This is a text file with at least three
columns: chromosome, first position and last
position. Positions should be 1-based and
inclusive.
-minQuality INT : Minimum variant quality. In this command,
this filter applies to the QUAL column of the
VCF, which is calculated for each variant as
the maximum of the genotype qualities of
samples with non-homozygous reference
genotype calls. See the command VCFFilter to
apply filters of quality and read depth on
individual genotype calls. Default: 40
-embeddedSNVs : Flag to call SNVs within STRs. By default,
STRs are treated as a single locus and hence
no SNV will be called within an STR.
Alignments should be provided in SAM, BAM or CRAM format (see http://samtools.github.io/hts-specs for details). The reference genome should be provided in fasta format. It is assumed that the sequence names in the alignments file correspond with the sequence names in this reference assembly. For this module, alignment files must include RG headers including the ID of each read group and the corresponding sample. A typical read group header looks as follows
@RG ID:
According to the specification, read groups must be unique across different samples. Each alignment must include an RG tag indicating the id of the read group of the aligned read. See the SAM format specification for details. Check the documentation of your read aligner to make sure that alignment files contain read group headers. This module uses read group headers to distribute the reads that belong to the different samples.

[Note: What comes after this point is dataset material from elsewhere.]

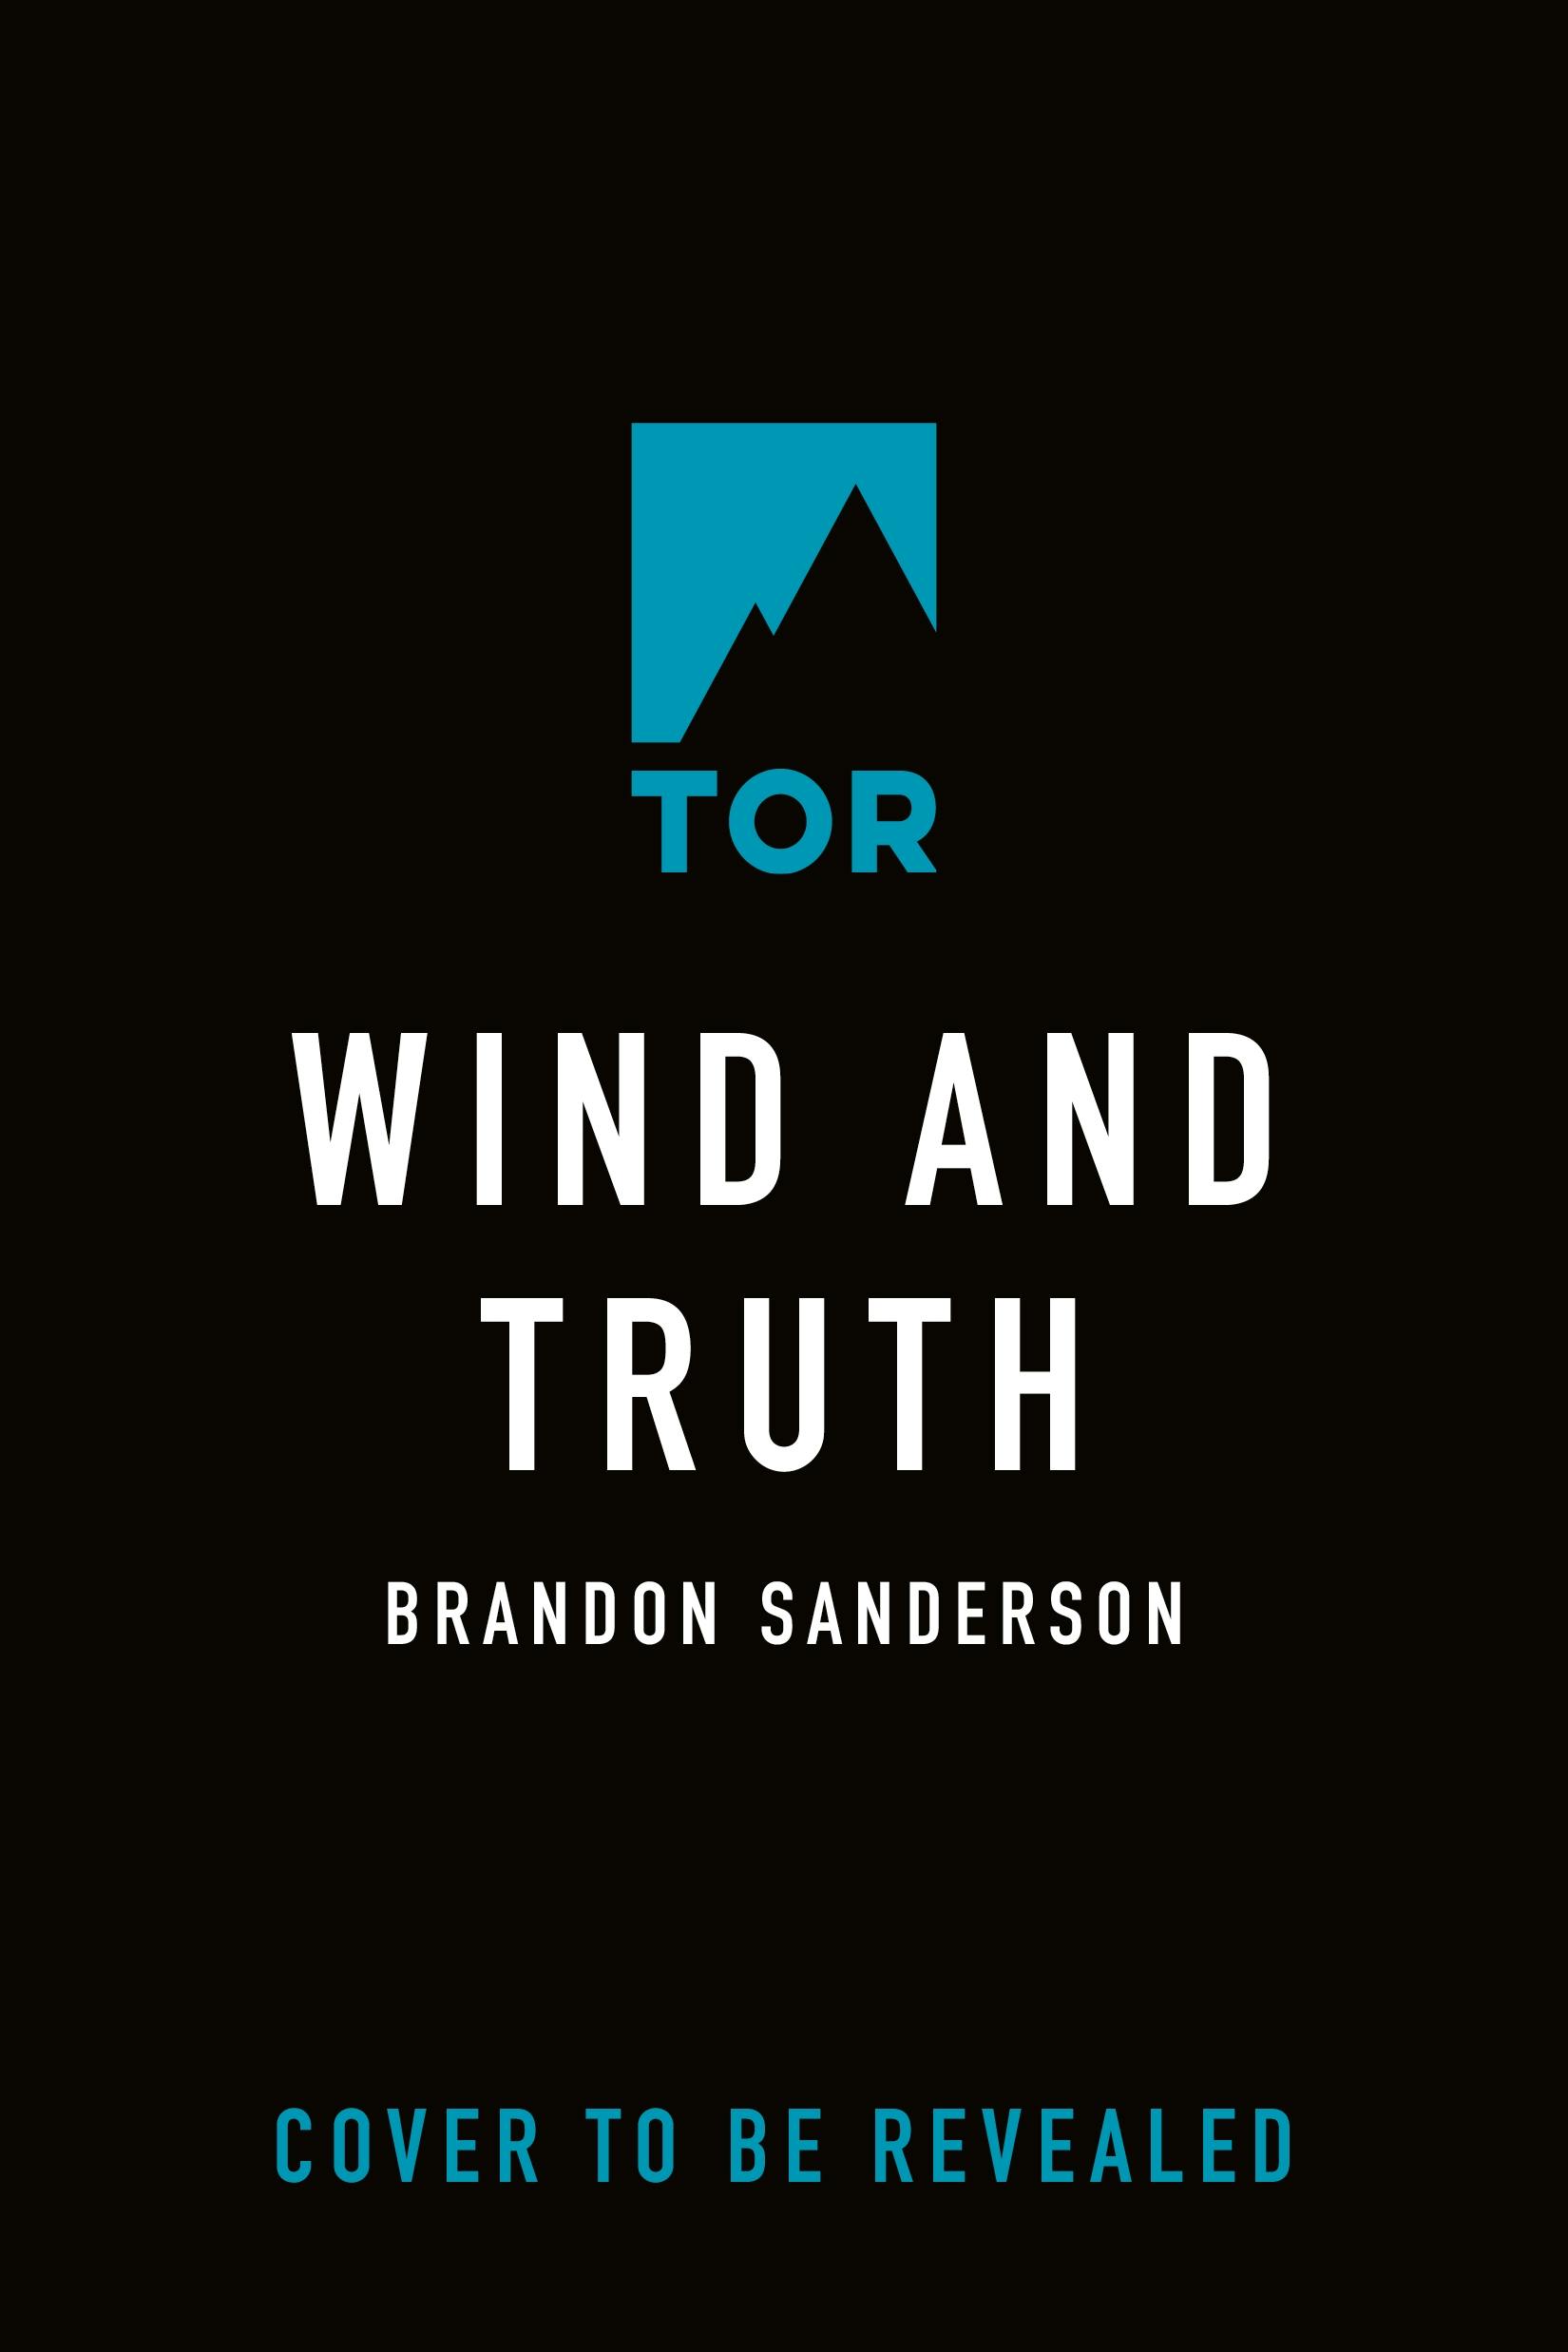 Cover for the book titled as: Wind and Truth

DETAILS OF OUTPUT FILES: The output of this module is a VCF file (see the standard format at http://samtools.github.io/hts-specs/VCFv4.2.pdf). NGSEP uses standard output file formats such as VCF and GFF to facilitate integration with other tools and visualization in web genome browsers such as jbrowse, gbrowse and the UCSC genome browser, or desktop browsers such as the Integrative Genomics Viewer (IGV). This allows integrated visuallzation of read alignments, variants and functional elements. Moreover, the NGSEP output files provide as optional fields custom information on the variants and genotype calls. For each variant, NGSEP VCF files include the following custom fields in the INFO column (described also in the VCF header):
TYPE (STRING) : Type of variant for variants different than biallelic SNVs. Possible types include MULTISNV, INDEL and STR (short tandem repeat). Also, SNVs called within INDELS or STRs are tagged with the EMBEDDED type. CNV (INT) : Number of samples with CNVs covering this variant. This will not be generated by this command but by the classical per sample analysis, and only if the read depth analysis is executed NS (INT) : Number of samples genotyped. MAF (DOUBLE) : Minor allele frequency. Calculated by the VCFMerge and the VCFFilter commands AN (INT) : Number of different alleles observed in called genotypes. AFS (INT*) : Allele counts over the population for all alleles, including the reference. One number per allele.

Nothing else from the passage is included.